My sister always makes fun of me for reading books before I go see the movie. She also makes fun of me because I love to see a movie right when it opens in theatres...and if it's one I really liked in theatres than I have to buy it like *Right* at midnight the night it comes out on DVD!!! So tonight has been a real doozy for her as I have spent the entire night watching movies based on books! :)
First of all: She's decided to come be a part of the Wine and Book Club I meet up with every other month or so. I go for the books, she's going more for the wine. lol We're going to talk about the book/movie The Help. Well she wanted to be able to have something to say if we got around to talking about the book, but she didn't really want to read the book. I kept asking her if she wanted to go see the movie and she kept saying no since I'd already seen it. I told her it was so good I'd go see it again. So we did tonight. And guess what: It was just as good the second time! It was definitely worth paying full price for the ticket again. Turns out she loved the movie too. We laughed and cried. She even had some pretty "insightful" things to say afterwards.
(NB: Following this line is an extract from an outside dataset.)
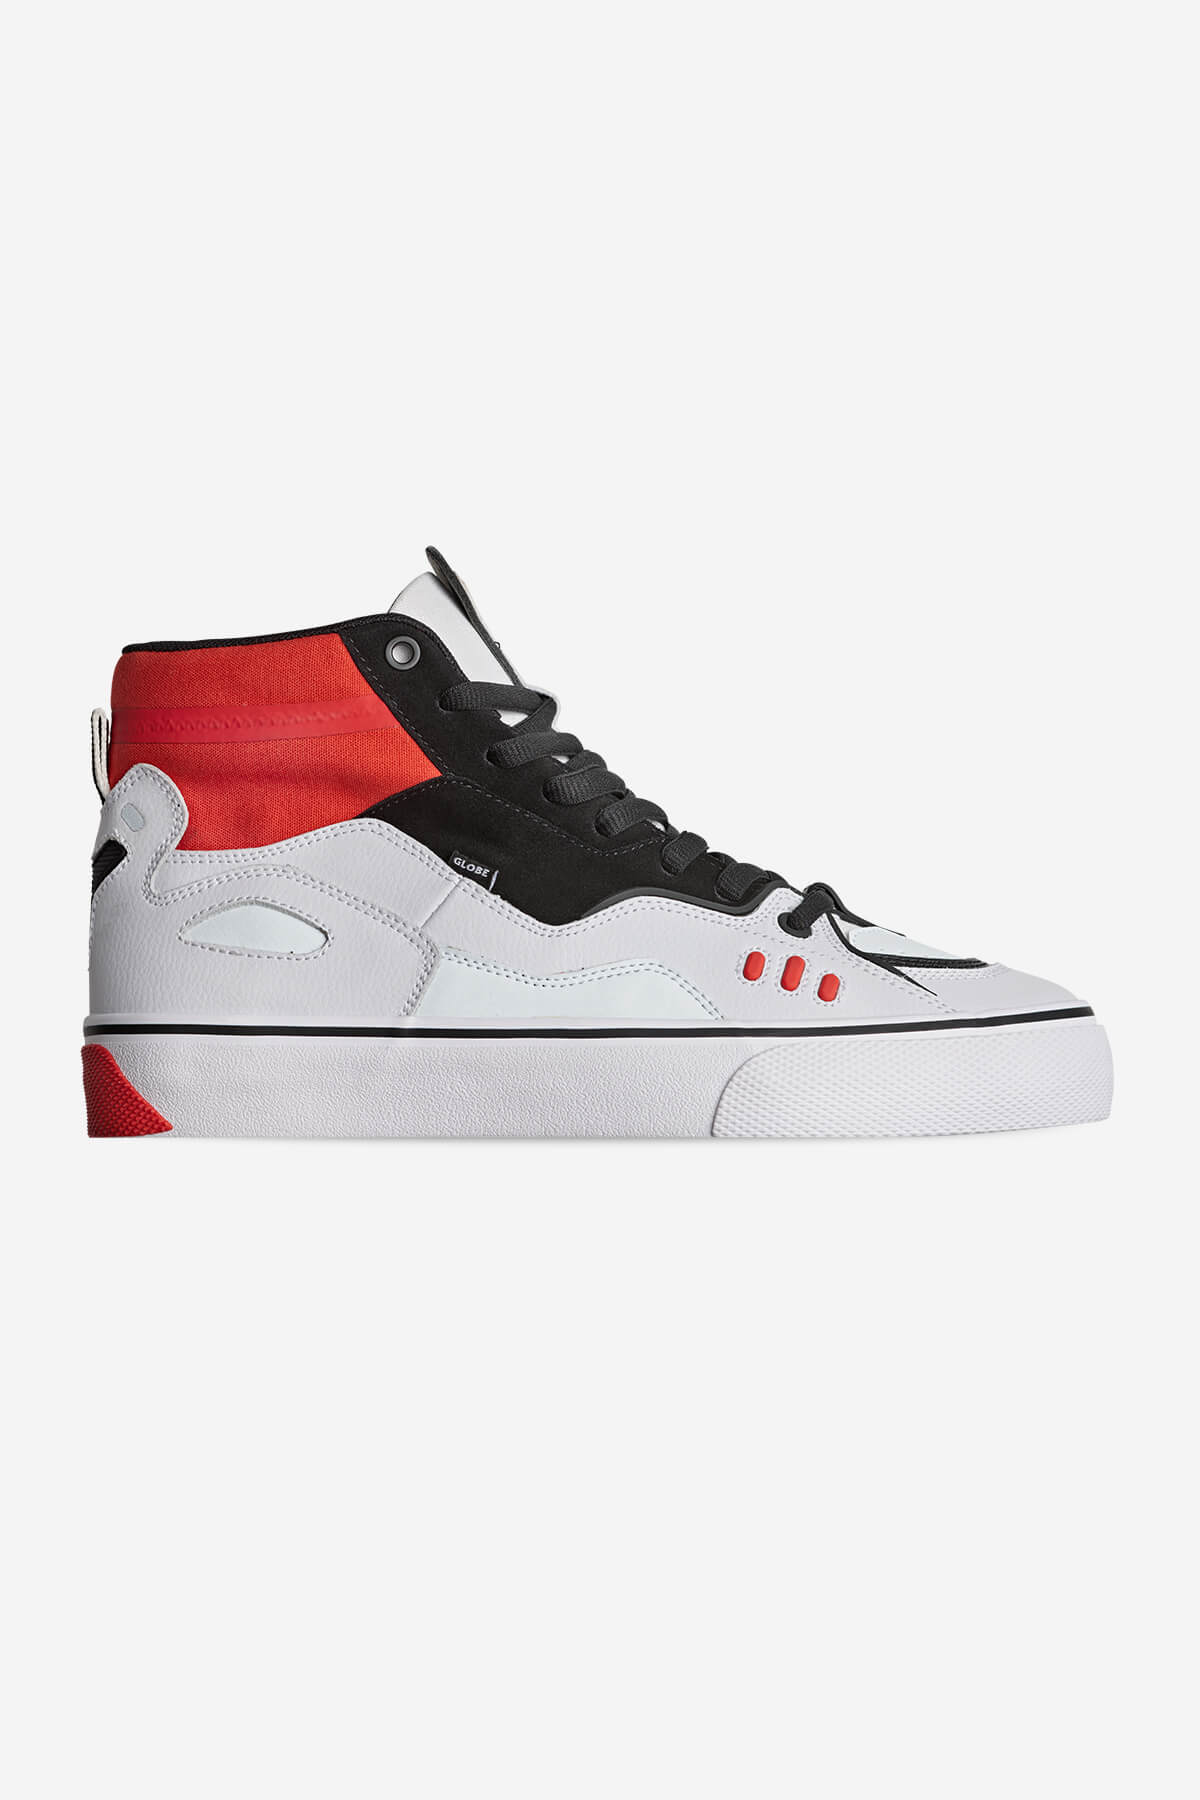 Globe Mid shoes Dimension - White/Black/Red in White/Black/Red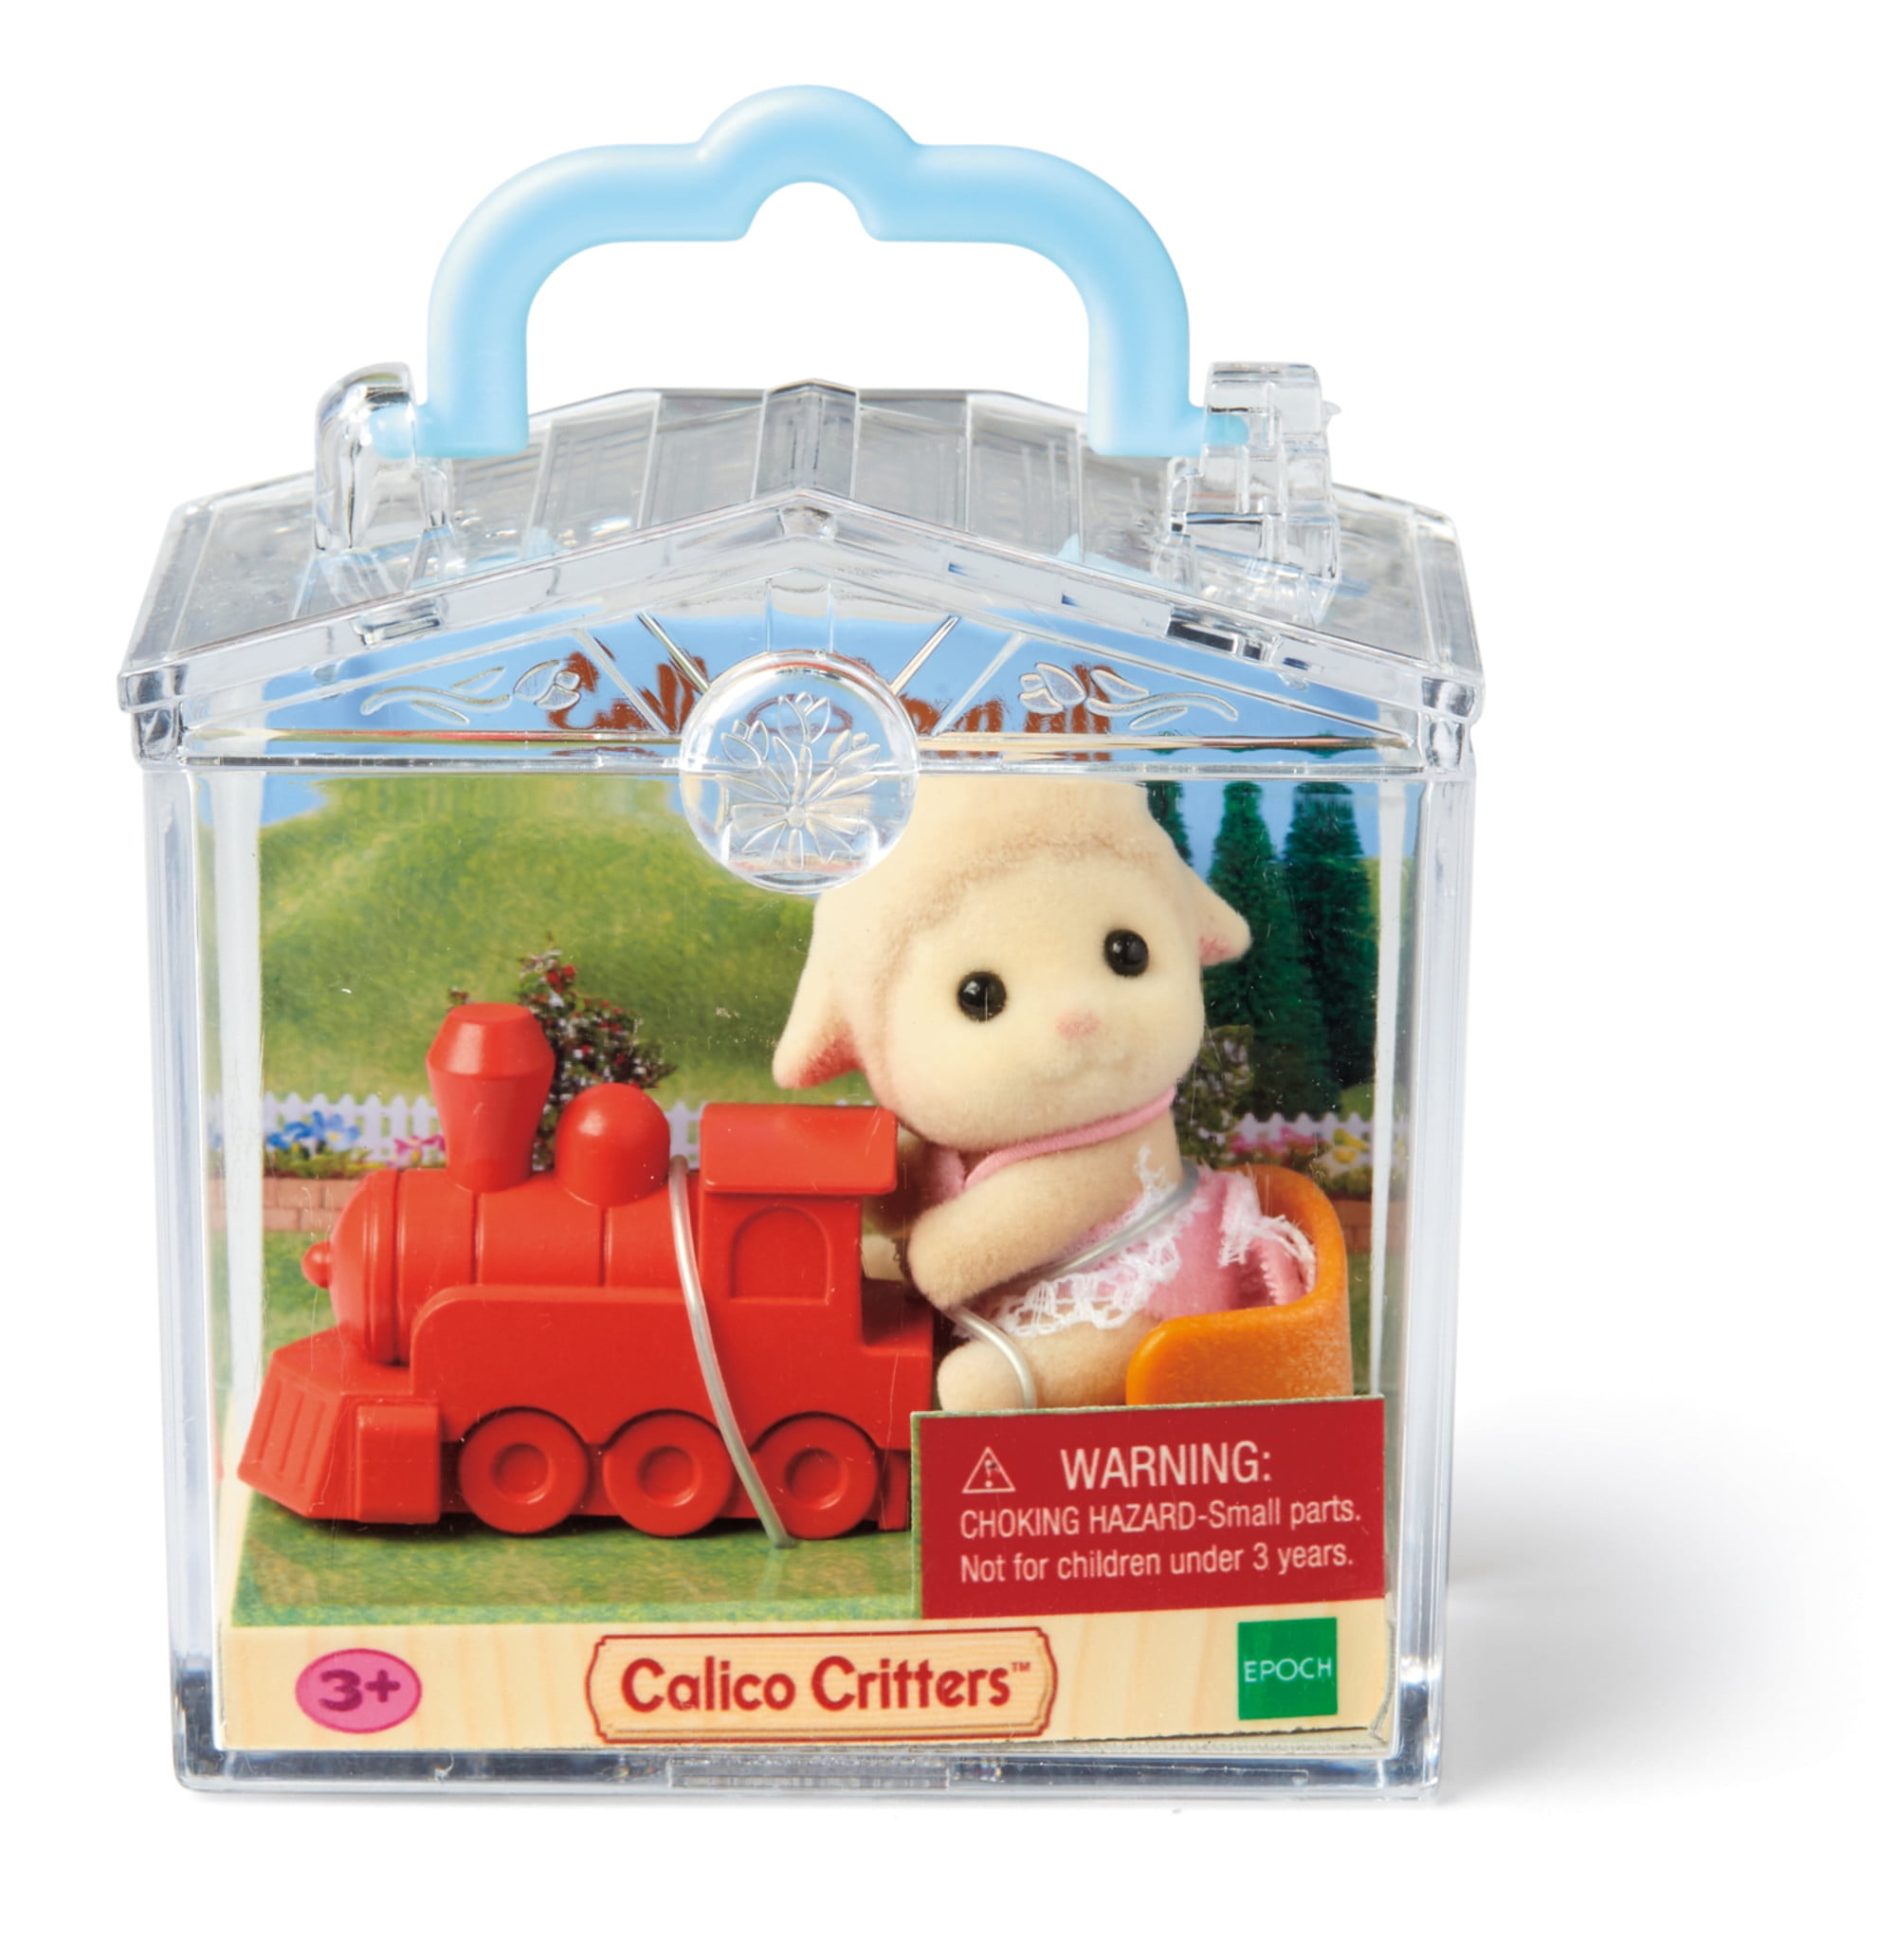 Details about   Calico Critters Baby Lamb Figure with Red Train in Clear Display Case BRAND NEW

During the movie, I kept thinking about how Skeeter and Stewart didn't up together and how sad that was. Even my sister was disappointed by this. It was only after, when I was at home telling my mom about the movie, I realized just how important it was they not end up together. I mean, think about it: He's her first real boyfriend. He's the transition from the life she lived and the life she's striving for. Because of this, he needed to be someone who she could relate to and had some sort of common ground; but in the end, she needs someone else so she can move on. Another point is she needed that boost for her self-esteem. She needed a man to look at her and see the woman she could be; the woman she has all the potential of becoming but can't see in herself. Stewart wasn't necessarily a bad guy once I thought about it. It's so difficult to look at your own life and say it is all wrong and change everything. We can sit in our theatre chairs and criticize people like him who accept the "atrocities" but that's only because we've had the intervening 50 years to sort things out. And we expect these people to change overnight? It typically doesn't happen like that; you can't hate everyone who struggles with change.
So then there's the matter of me watching the movie Something Borrowed. My sisters and I saw it in the theatres, I bought it the DAY it came out, and I've already watched it twice since I bought it. To say I'm a little obsessed it a bit of an understatement. So, yeah, tonight I am watching it again. I love this movie. I love Ginnifer Goodwin!! She's so amazing. Plus her character is so much like me. Everyday I look at those around me and wonder if the things I am doing are making me happy, what would happen if I set out specifically do to the things I think will make me happy, and so on. I have had the soundtrack on repeat. "Running Around in My Dreams," "Poison & Wine," and "The Longer I Run" have already outranked songs on my iPod which have been on there for 4 years!!
So here I sit tonight. At home and completely exhausted from a long work week. Contemplating what I want out of life. It's a little heavy to handle tonight, so I'm just going to sit back and enjoy my movie. Get lost in Ginnifer Goodwin and Colin Egglesfield. Sounds like a plan!